Work task => In the data below, reproduce everything exactly except the images.

Data extract =>
═══

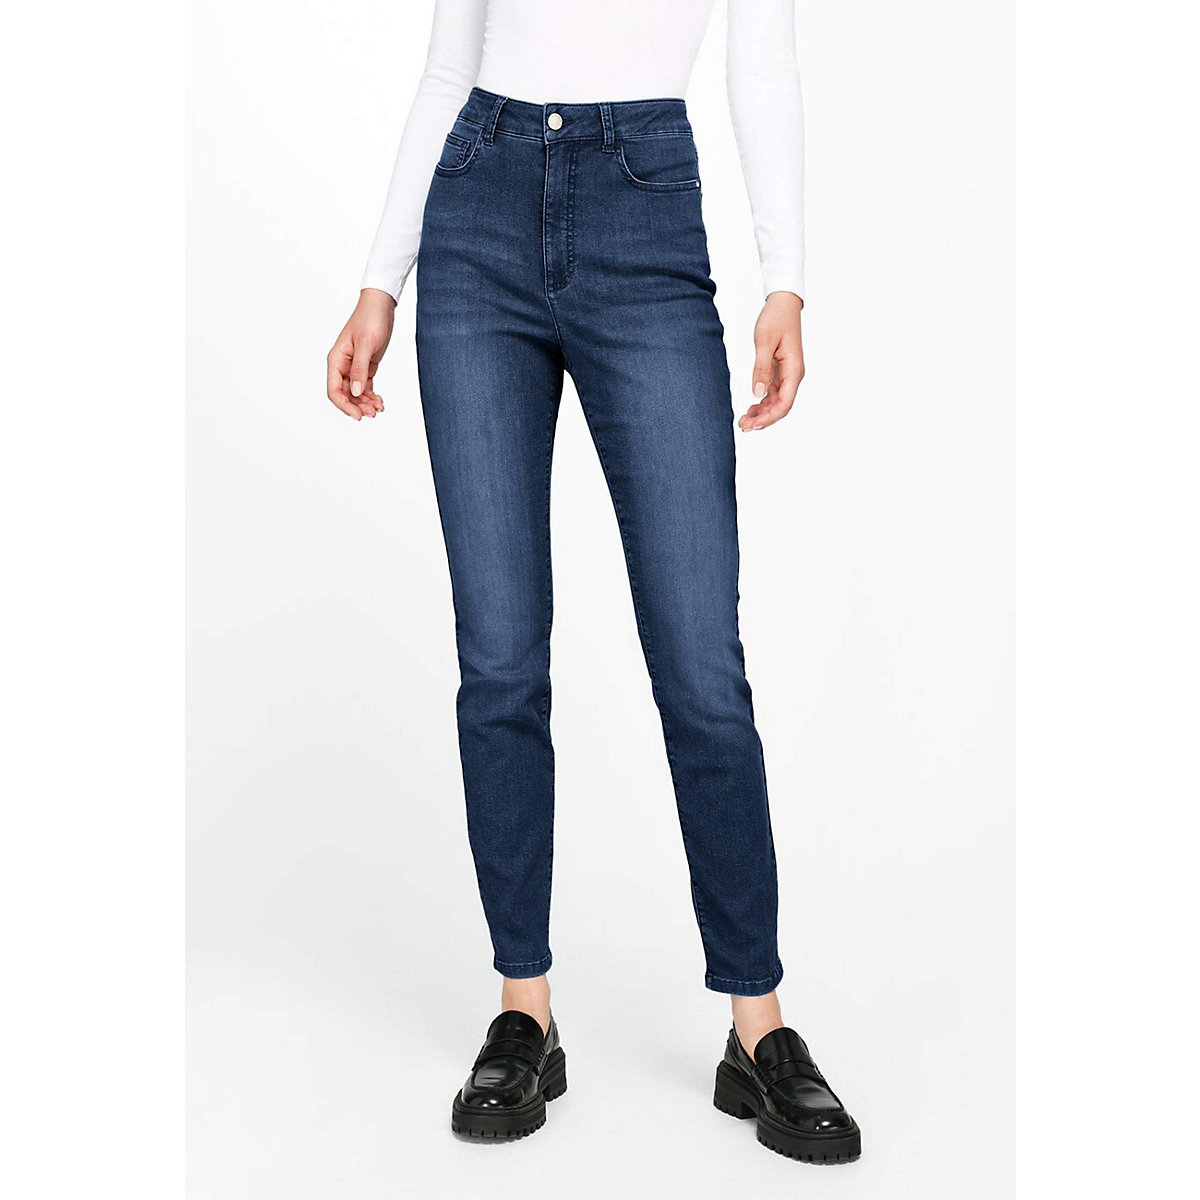 UTA RAASCH 5-Pocket Jeans Cotton Jeanshosen dunkelblau
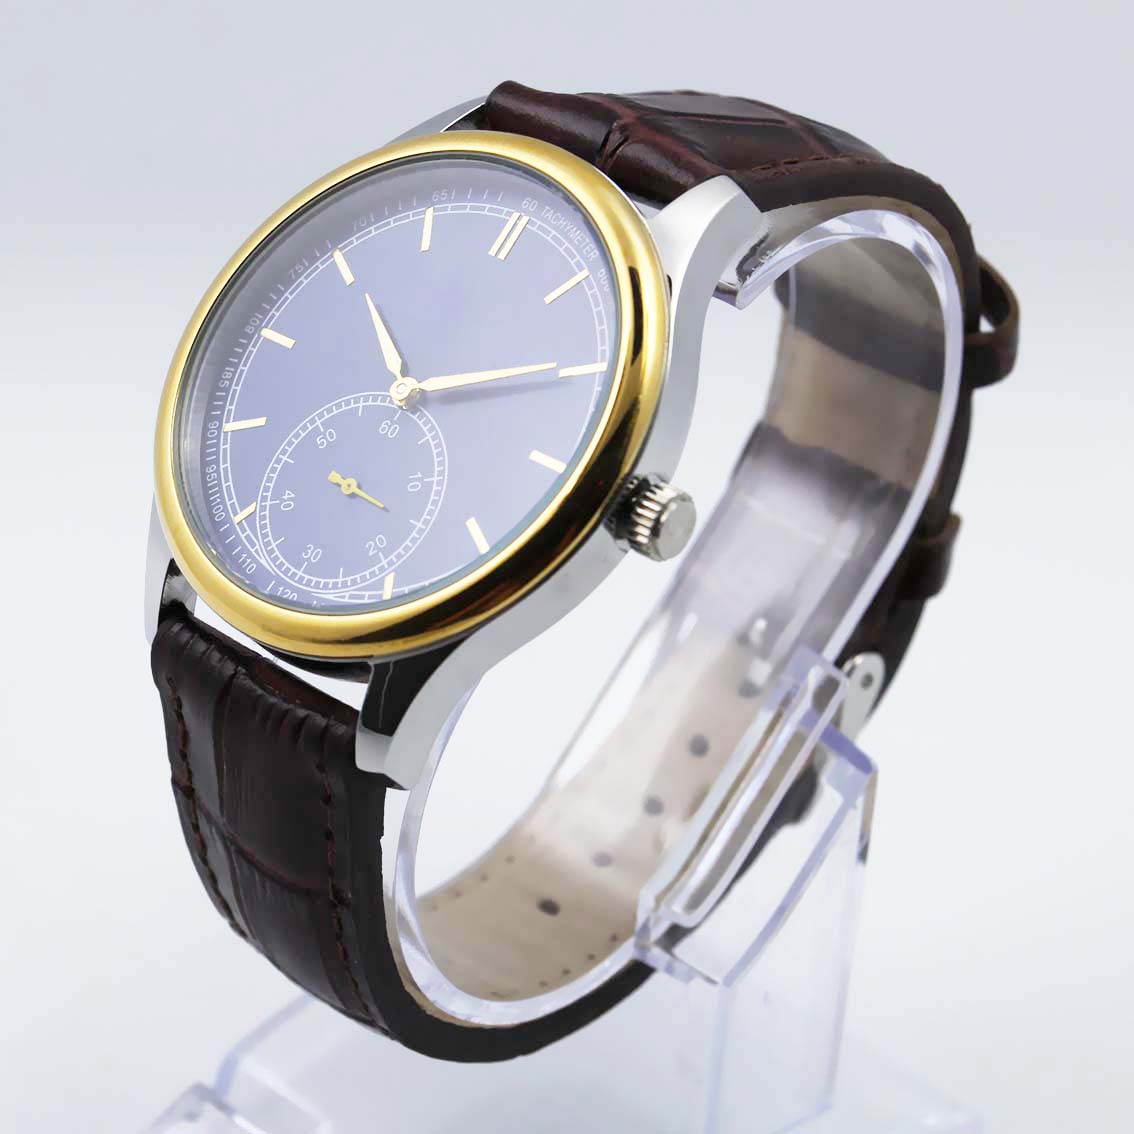 #02079Men's wristwatch quartz analog leather strap watch
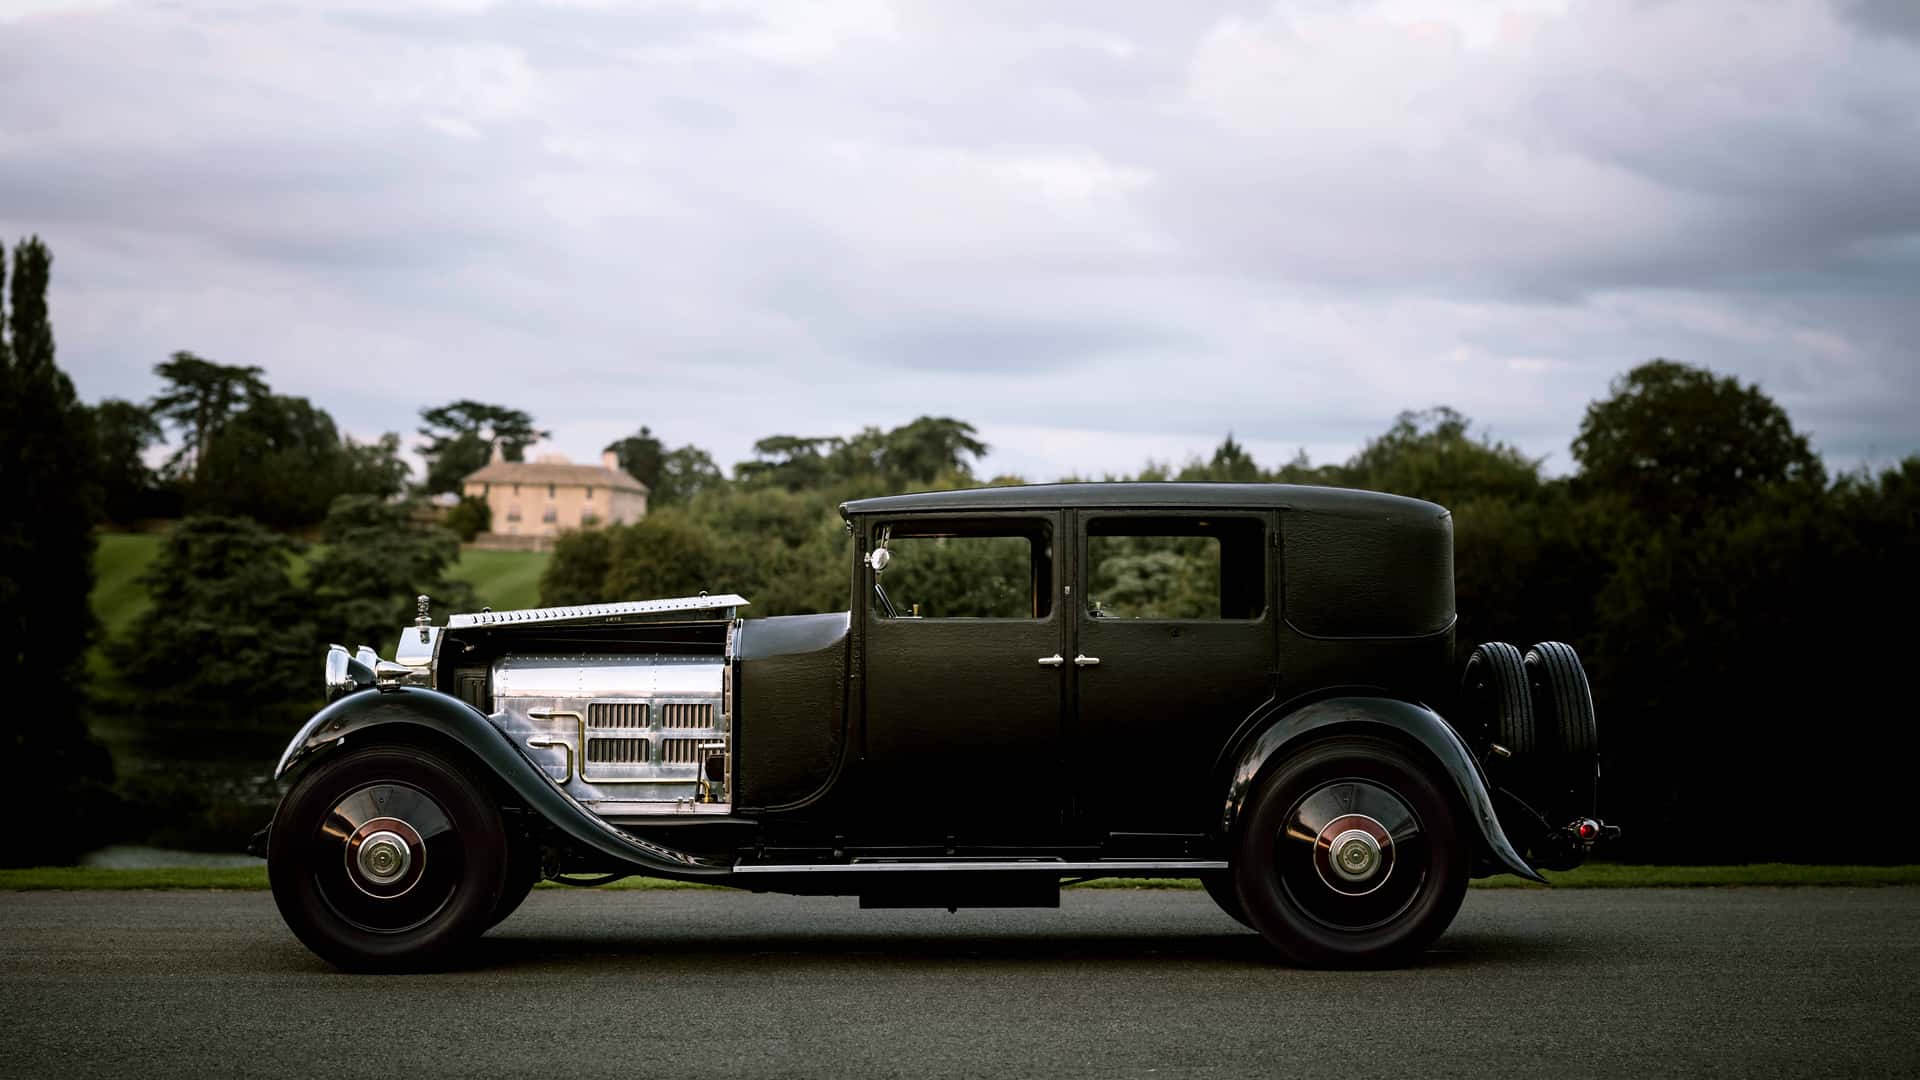 1929 rolls-royce phantom ii ev conversion by electrogenic revealed with 201 hp

═══

Answer =>
 UTA RAASCH 5-Pocket Jeans Cotton Jeanshosen dunkelblau
 #02079Men's wristwatch quartz analog leather strap watch
 1929 rolls-royce phantom ii ev conversion by electrogenic revealed with 201 hp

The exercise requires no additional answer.